Bearing in mind the general characteristics of the period, and such terrible instances of religious apostasy and moral degeneracy as those recorded in the two Appendices to the Book of Judges (Judges 17-21), we turn with a feeling of intense relief to the picture of Jewish life presented to us in the Book of Ruth.* Sheltered from scenes of strife and semi-heathenism, the little village of Bethlehem had retained among its inhabitants the purity of their ancestral faith and the simplicity of primitive manners.

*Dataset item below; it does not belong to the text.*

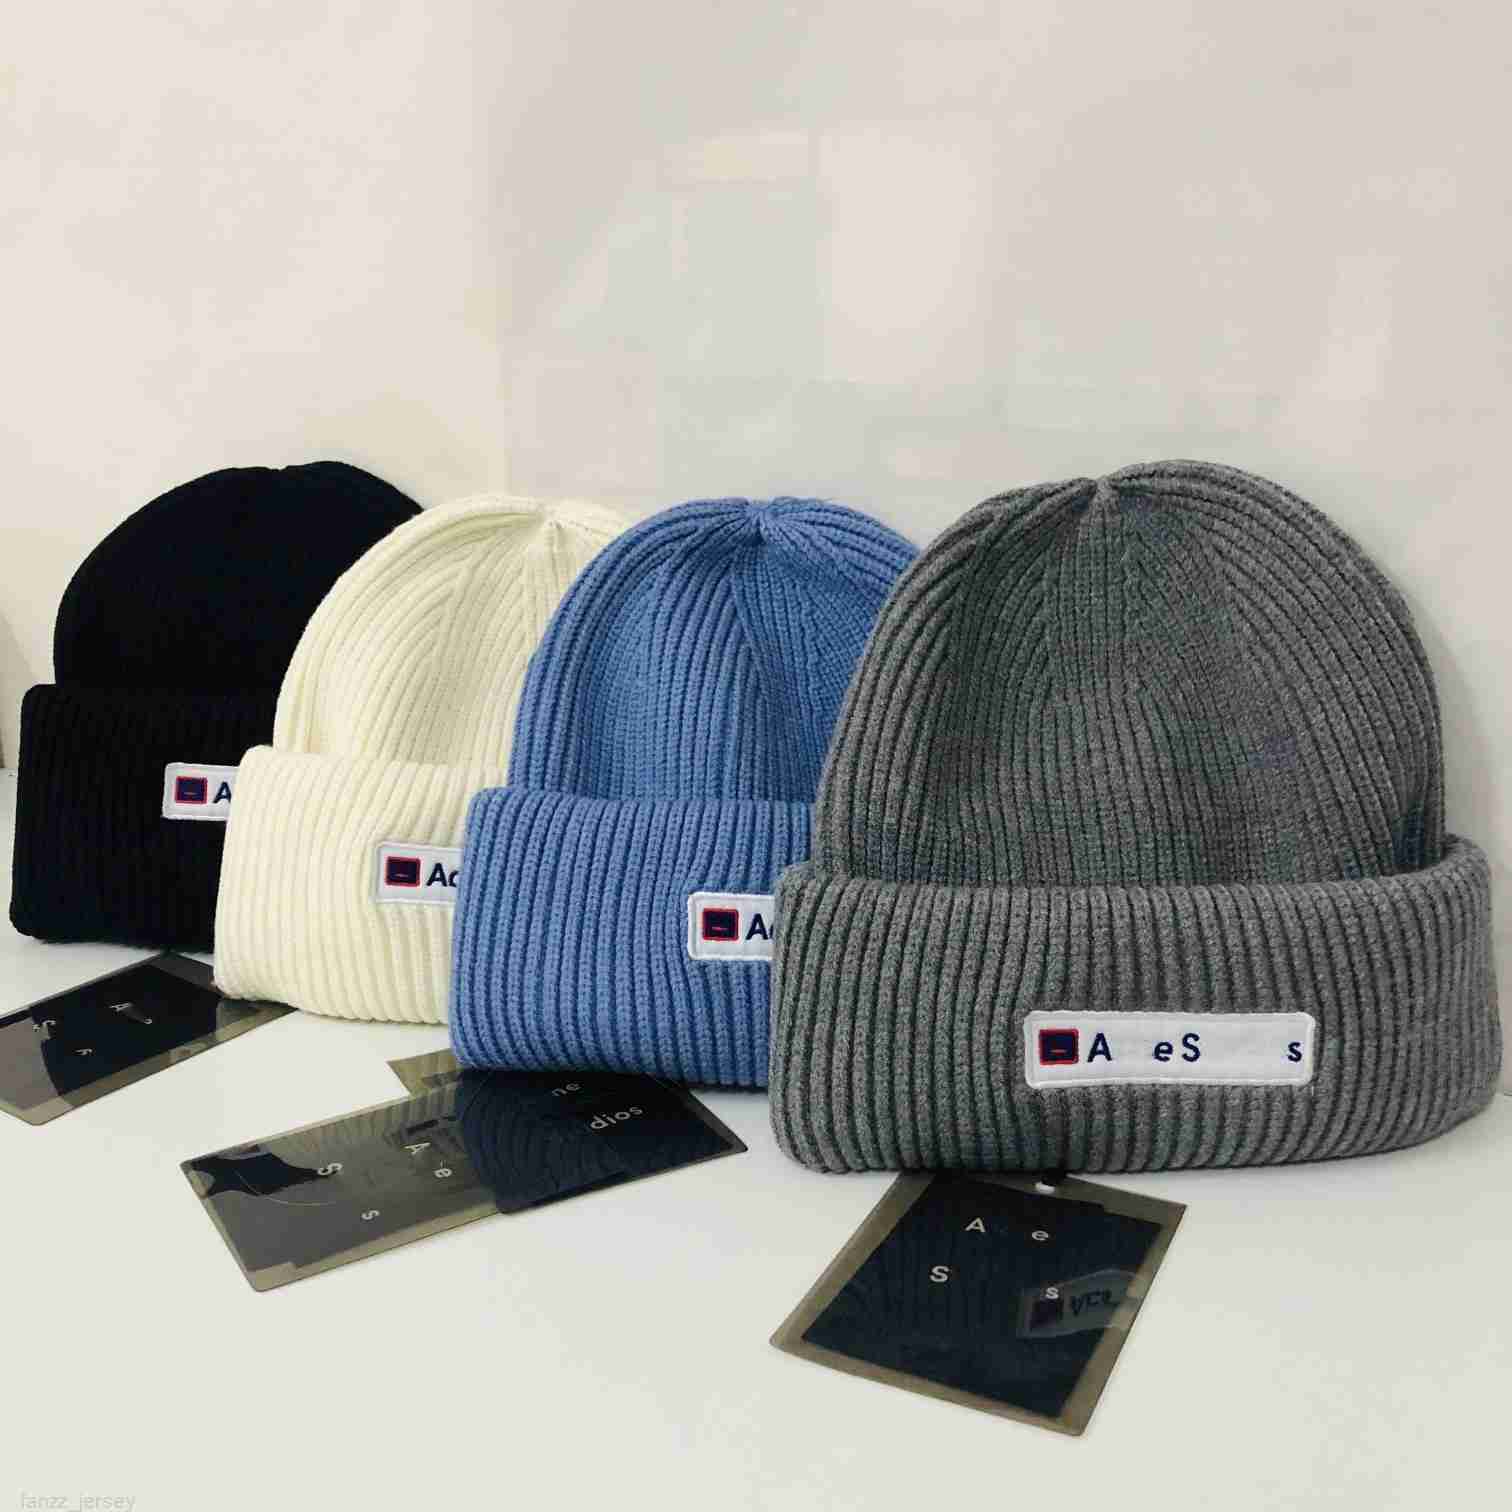 

beanie designer winter beanies knitted hat for men and women fashion skull caps letters street hats smiling face cap colors available 230gfor man woman, 1-white

Here, embosomed amidst the hills of Judah, where afterwards David pastured his father's flocks, and where shepherds heard angels hail the birth of "David's greater Son," we seem to feel once again the healthful breath of Israel's spirit, and we see what moral life it was capable of fostering alike in the individual and in the family. If Boaz was, so to speak, the patriarch of a village, in which the old Biblical customs were continued, the humblest homes of Bethlehem must have preserved true Israelitish piety in its most attractive forms. For, unless the Moabitess Ruth had learned to know and love the land and the faith of Israel in the Bethlehemite household of Elimelech, transported as it was for a time into the land of Moab, she would not have followed so persistently her mother-in-law, away from her own home, to share her poverty, to work, if need be, even to beg, for her. And from such ancestry, nurtured under such circumstances, did the shepherd king of Israel spring, the ancestor and the type of the Lord and Savior of men. These four things, then, seem the object of the Book of Ruth: to present a supplement by way of contrast to the Book of Judges; to show the true spirit of Israel; to exhibit once more the mysterious connection between Israel and the Gentiles, whereby the latter, at the most critical periods of Israel's history, seem most unexpectedly called in to take a leading part; and to trace the genealogy of David. Specially perhaps the latter two. For, as one has beautifully remarked:* If, as regards its contents, the Book of Ruth stands on the threshold of the history of David, yet, as regards its spirit, it stands, like the Psalms, at the threshold of the Gospel. Not merely on account of the genealogy of Christ, which leads up to David and Boaz, but on account of the spirit which the teaching of David breathes, do we love to remember that Israel's great king sprang from the union of Boaz and Ruth, which is symbolical of that between Israel and the Gentile world.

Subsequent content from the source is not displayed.